For those not familiar with the movies, Marty and Doc are trapped in the old West without any gas to power the gasoline engine of the DeLorean, their time-machine. That means they can’t drive it to 88 miles per hour, the speed required to activate the flux capacitor, and travel back to 1985. The plan they come up with is to commandeer a steam locomotive and use it to push the DeLorean to the required speed.
Doc spells out the plan to make it back to the future:
Tomorrow night, Sunday, we’ll load the DeLorean on to the tracks here on the spur right by the old abandoned silver mine. The switch track is where the spur runs off the main line 3 miles into Clayton… Shonash Ravine. The train leaves the station at 8:00 Monday morning. We’ll stop it here, uncouple the cars from the tender, throw the switchtrack, and hijack - borrow the locomotive and use it to push the time machine. According to my calculations we’ll hit 88 miles per hour just before we hit the edge of the ravine, at which point we’ll instantaneously arrive in 1985 and coast safely across the completed bridge.

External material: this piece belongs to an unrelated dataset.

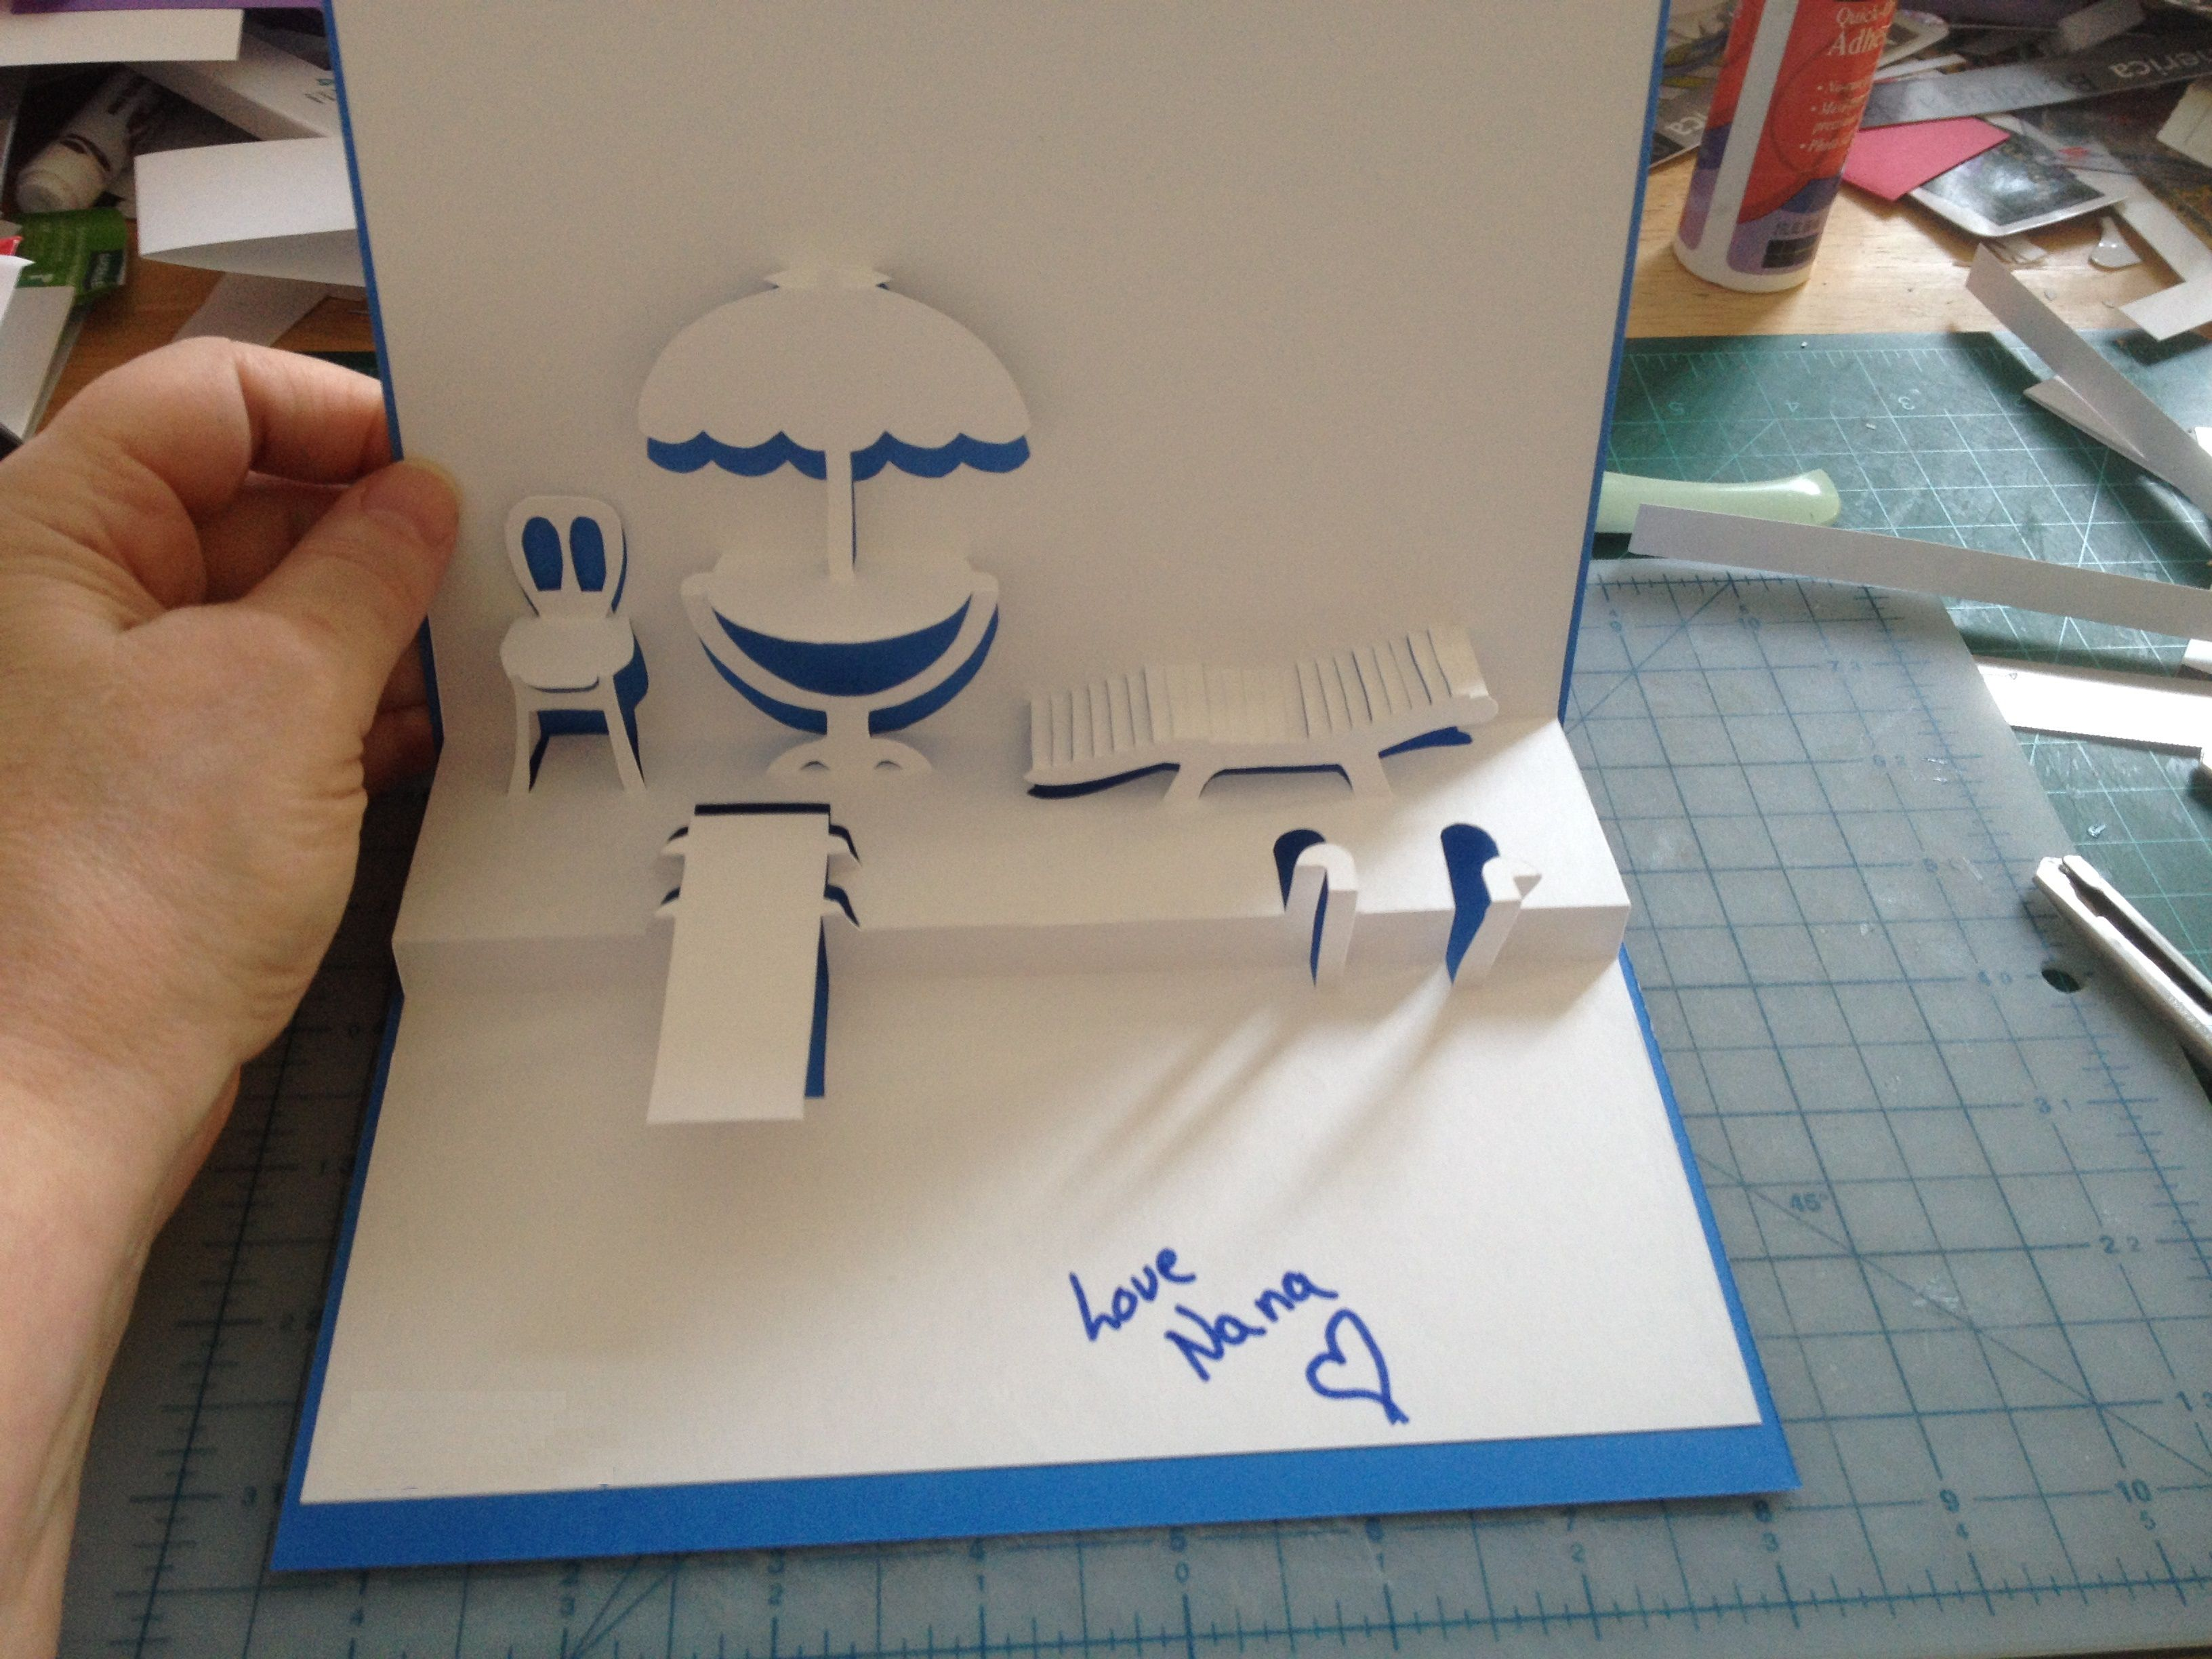 Swim Pool Pop Up Card Template From Cahier De Kirigami No 4 By Naomiki Sato Nana Cards

If you think of it, it’s a shame Doc didn’t equip the DeLorean with Tesla electric motors when he visited 2015. That would have made things easier considering the DeLorean was equipped with a working Mr. Fusion generator in 1885.
To assemble the dataset, I simply watched the train sequence and took down each time Marty said the speed, or that we saw it on the speedometer, along with the time in the movie. The tiny dataset is available in the companion repository.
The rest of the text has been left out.